[Stored entries]
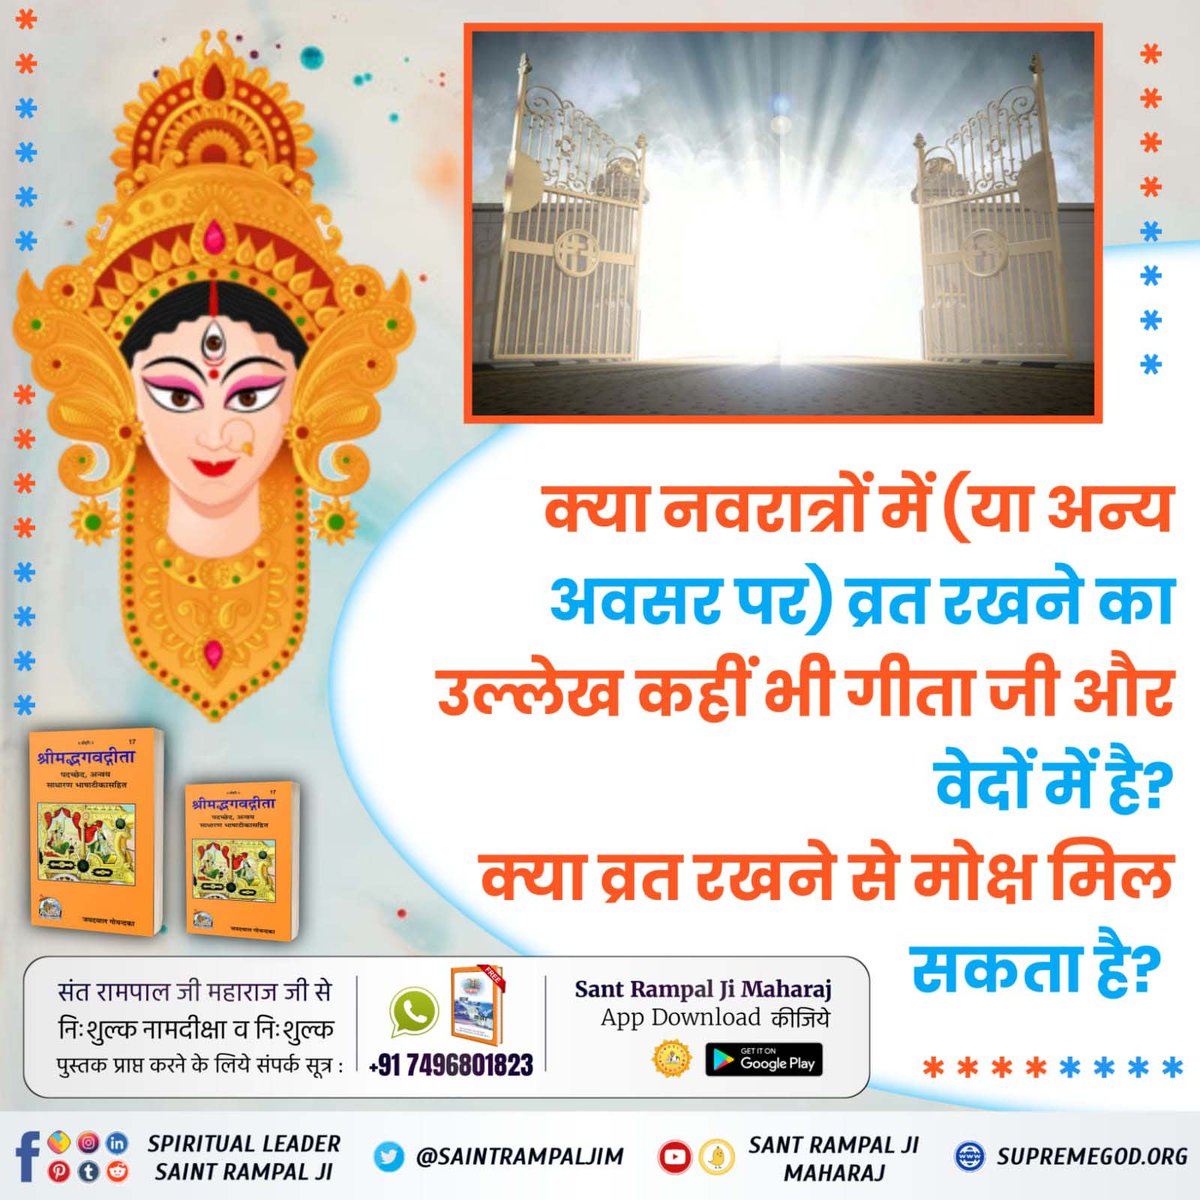 #माँ_को_खुश_करनेकेलिए पढ़ें ज्ञान गंगा
IS FASTING DURING
NAVRATRI
as per the scriptures?
To know more must read the previous book 'Gyan Ganga'

### WHAT YOU SHOULD DO
Copy the records above exactly. Do not carry any picture into the copy.

### COMPLETED TASK
 #माँ_को_खुश_करनेकेलिए पढ़ें ज्ञान गंगा
IS FASTING DURING
NAVRATRI
as per the scriptures?
To know more must read the previous book 'Gyan Ganga'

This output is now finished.